Task directions: Your task is to give the listing below back word for word, pictures excluded.

Input data:
# # #
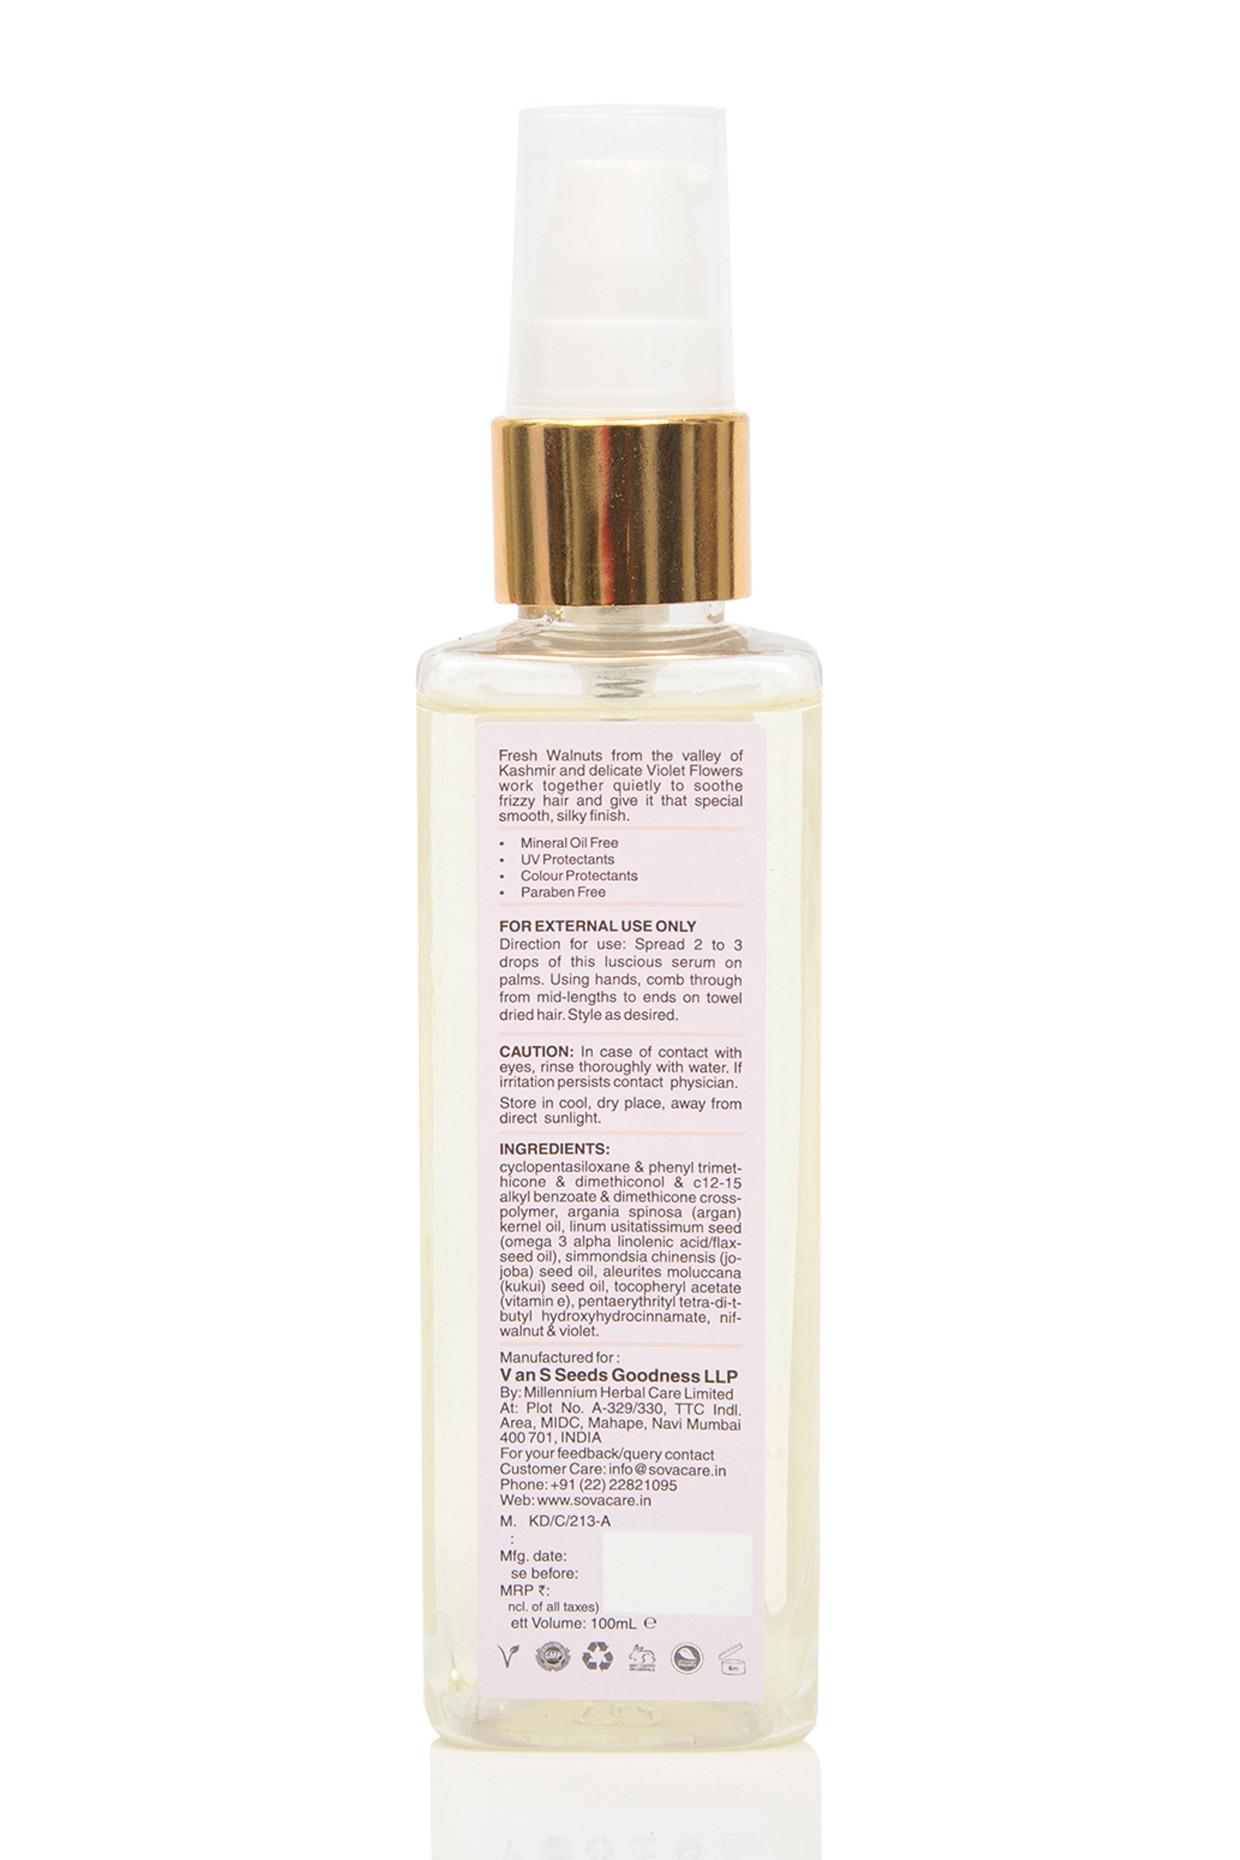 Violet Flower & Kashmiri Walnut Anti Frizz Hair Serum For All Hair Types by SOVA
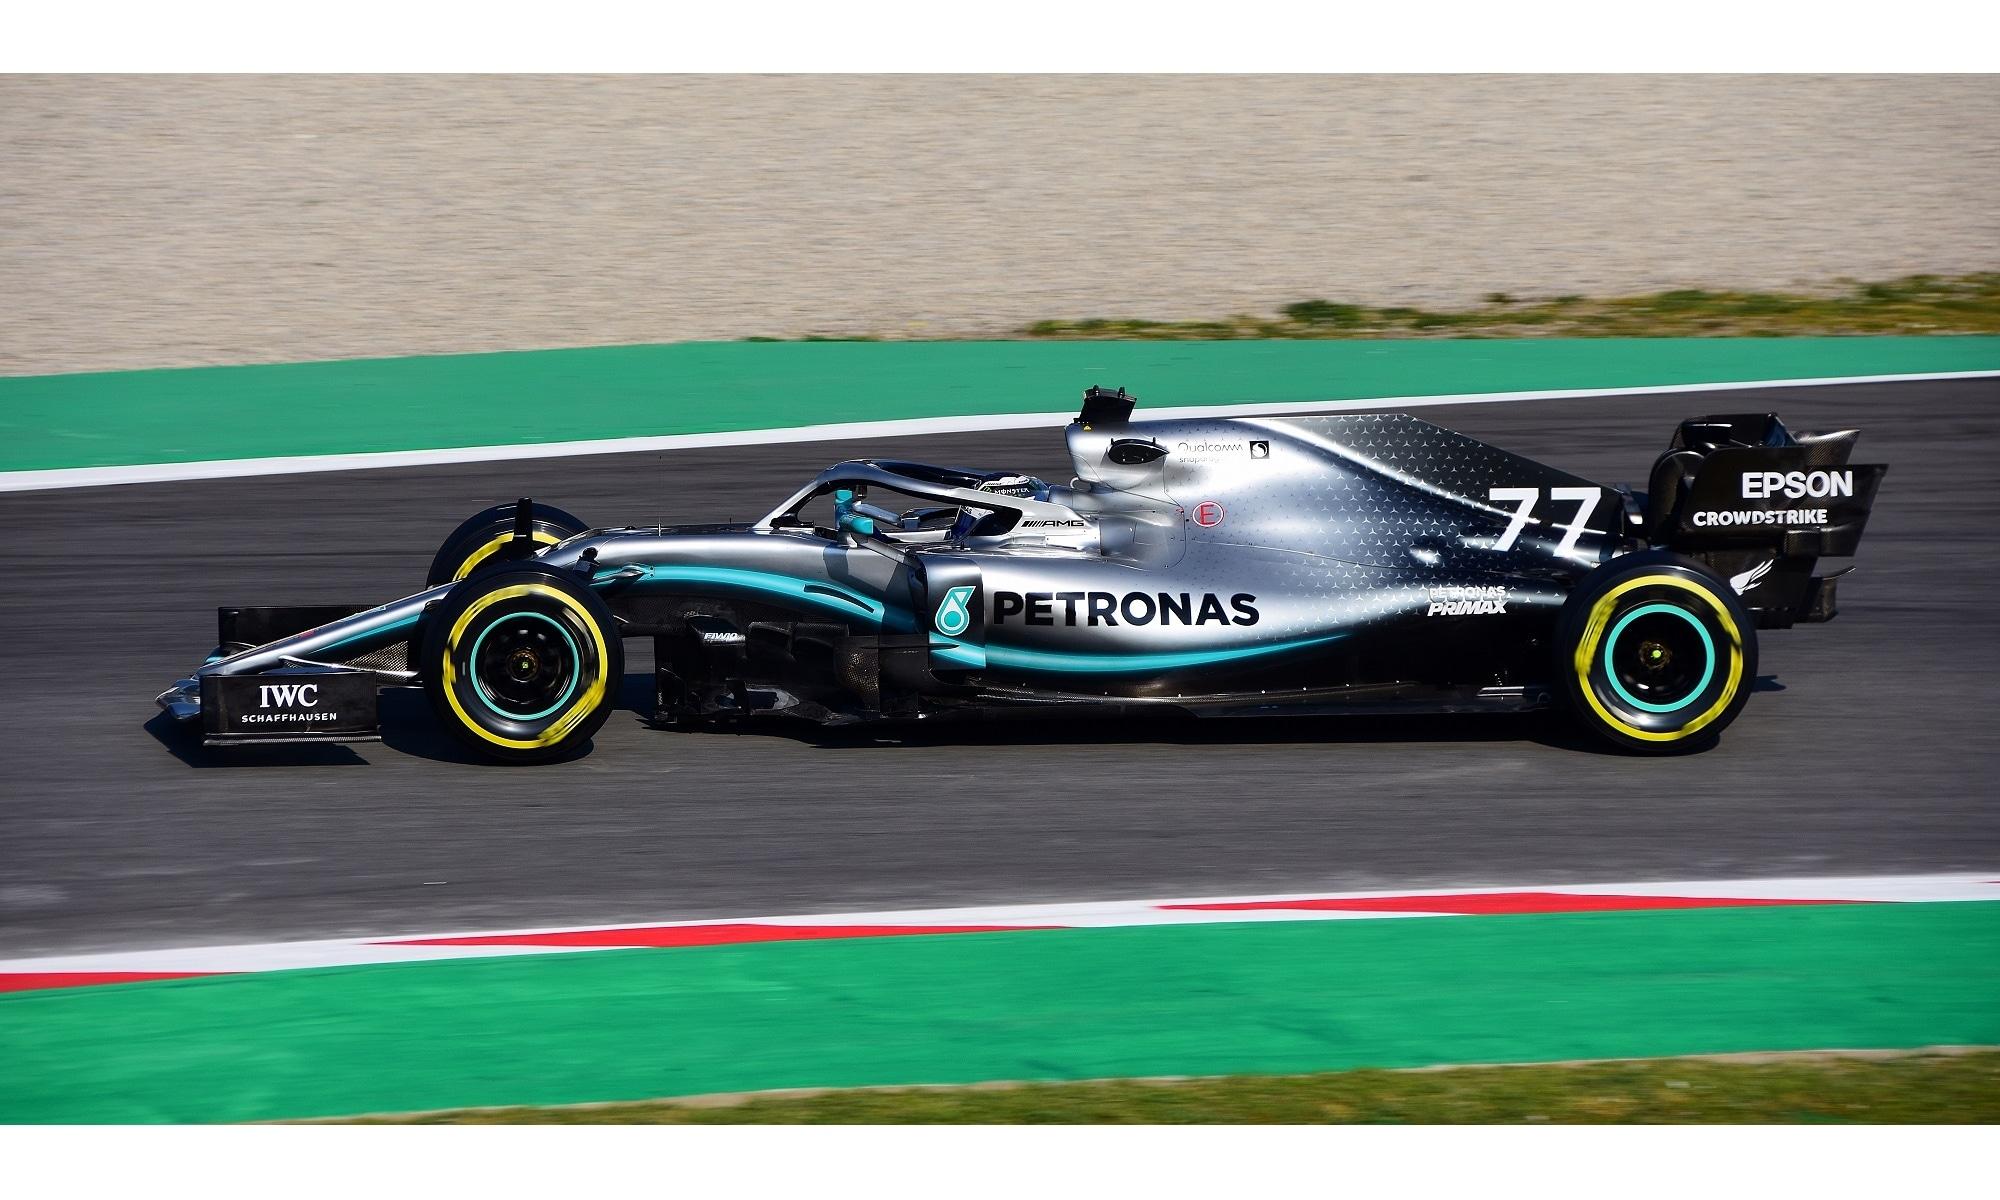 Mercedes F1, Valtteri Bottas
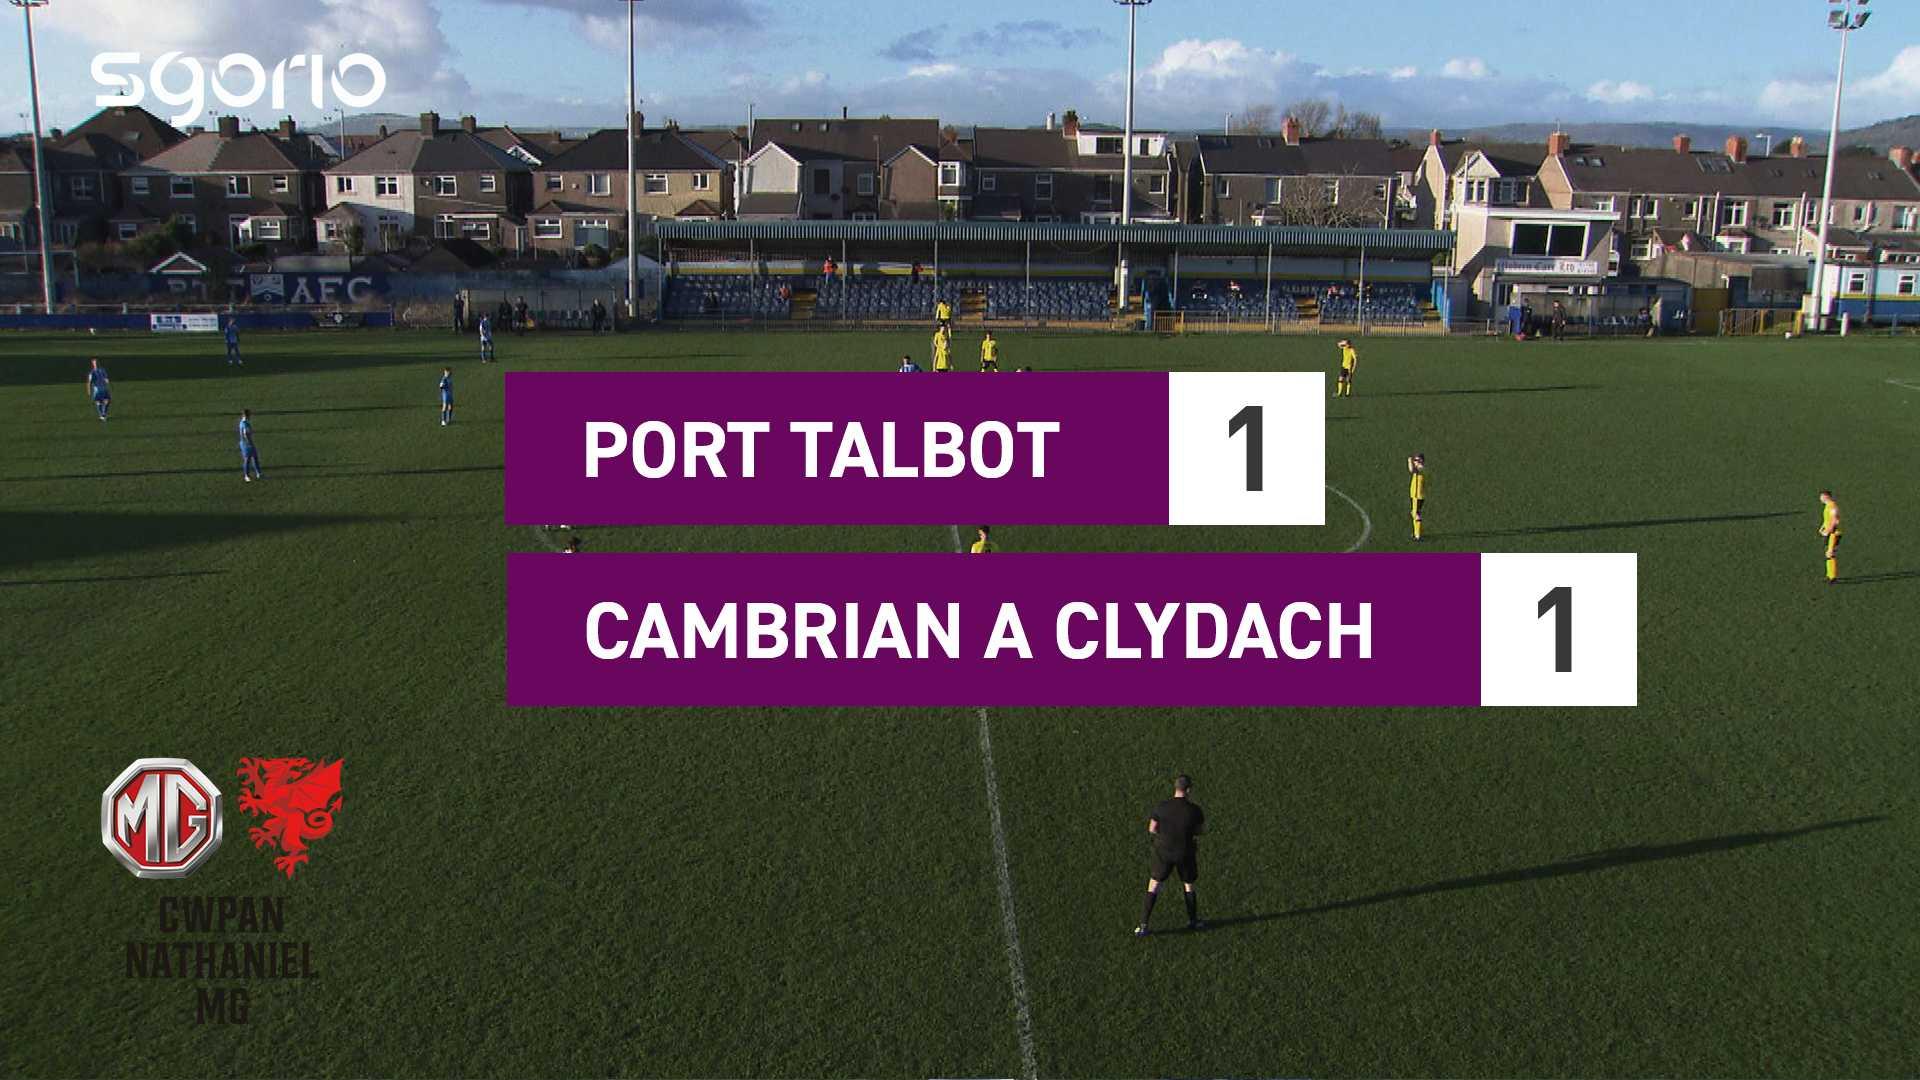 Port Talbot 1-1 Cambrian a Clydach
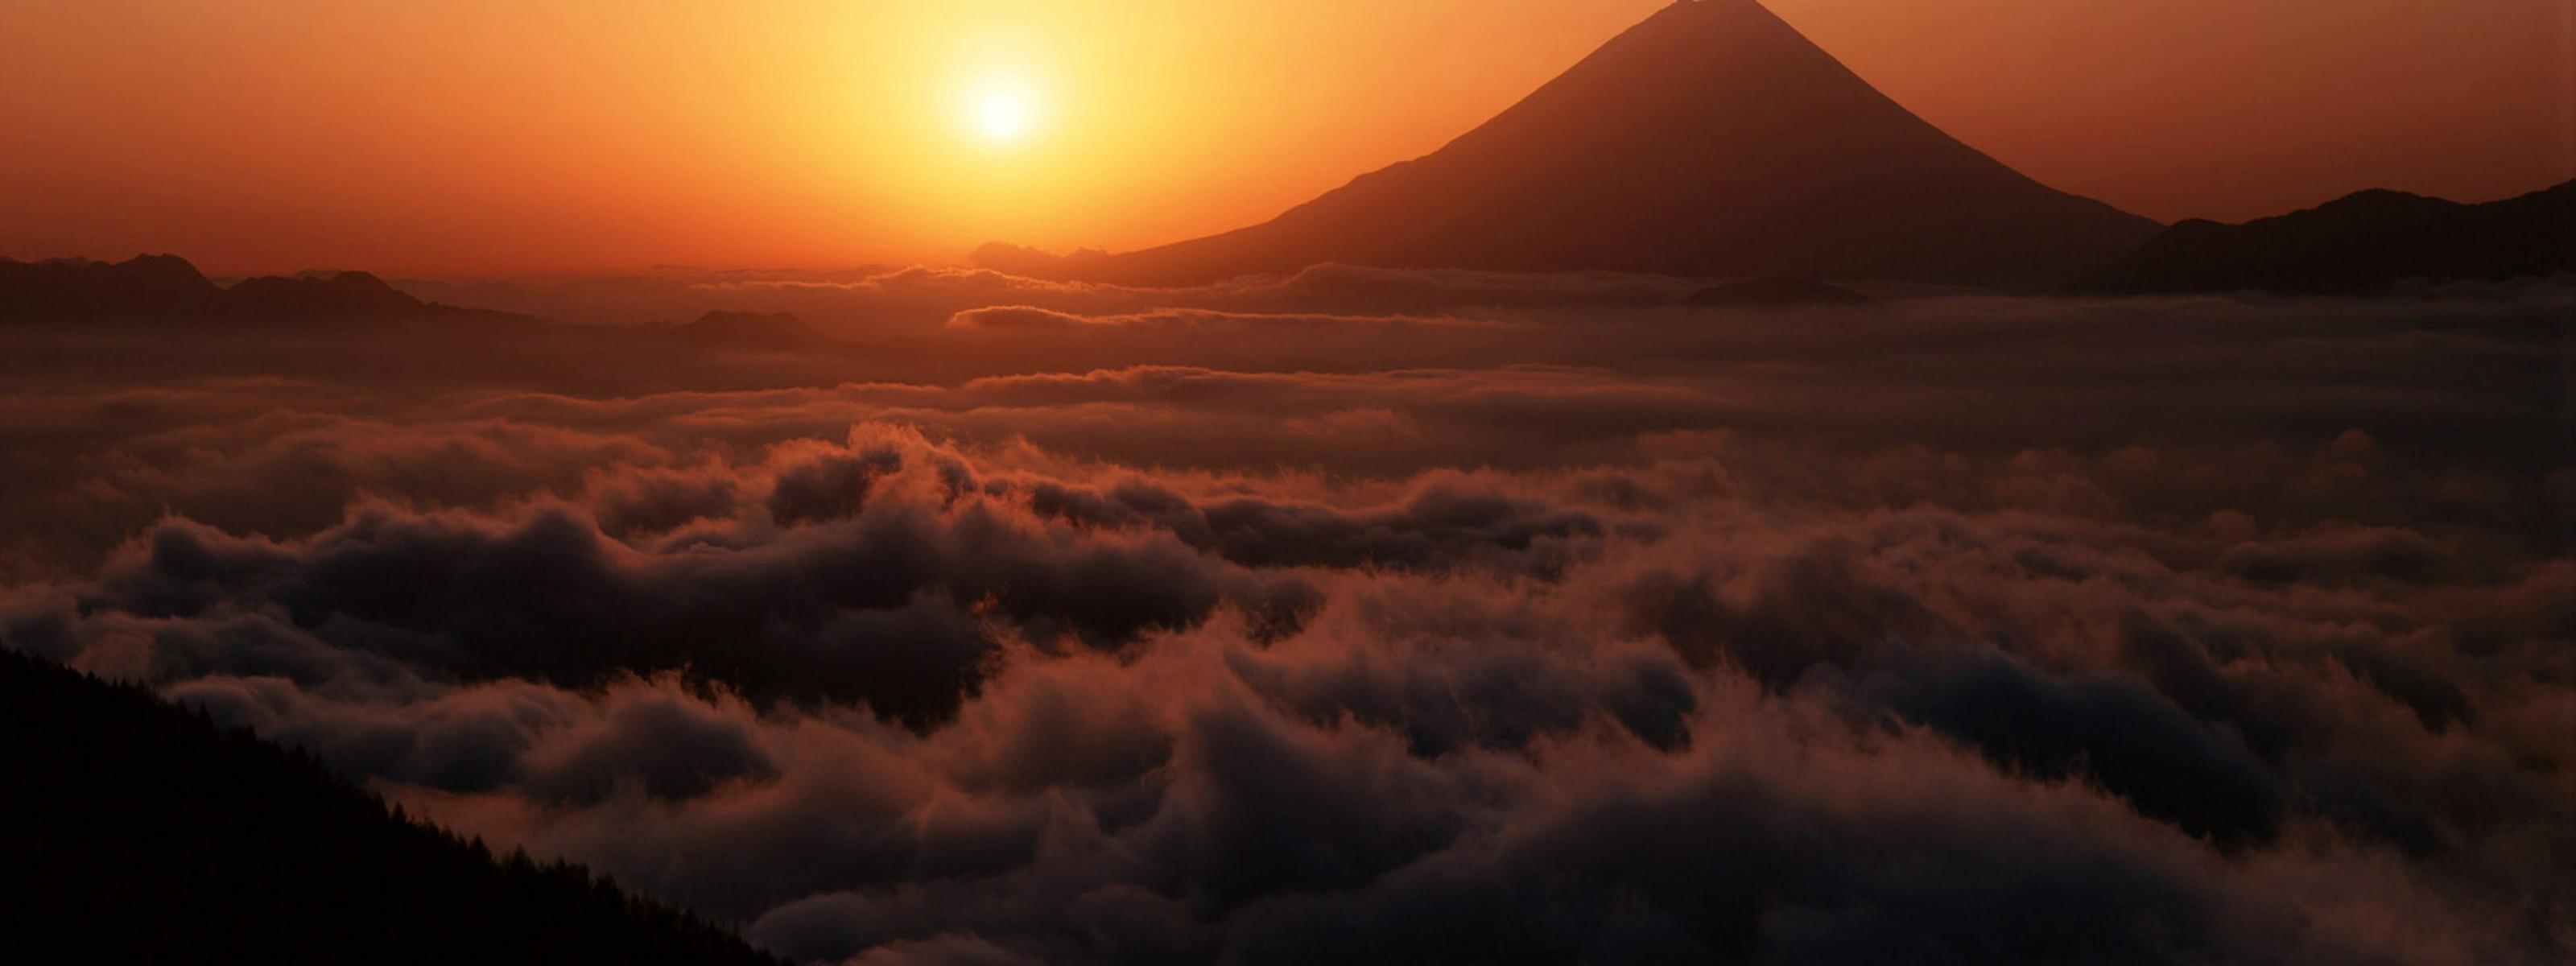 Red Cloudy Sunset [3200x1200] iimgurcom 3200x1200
# # #
Written reply:
 Violet Flower & Kashmiri Walnut Anti Frizz Hair Serum For All Hair Types by SOVA
 Mercedes F1, Valtteri Bottas
 Port Talbot 1-1 Cambrian a Clydach
 Red Cloudy Sunset [3200x1200] iimgurcom 3200x1200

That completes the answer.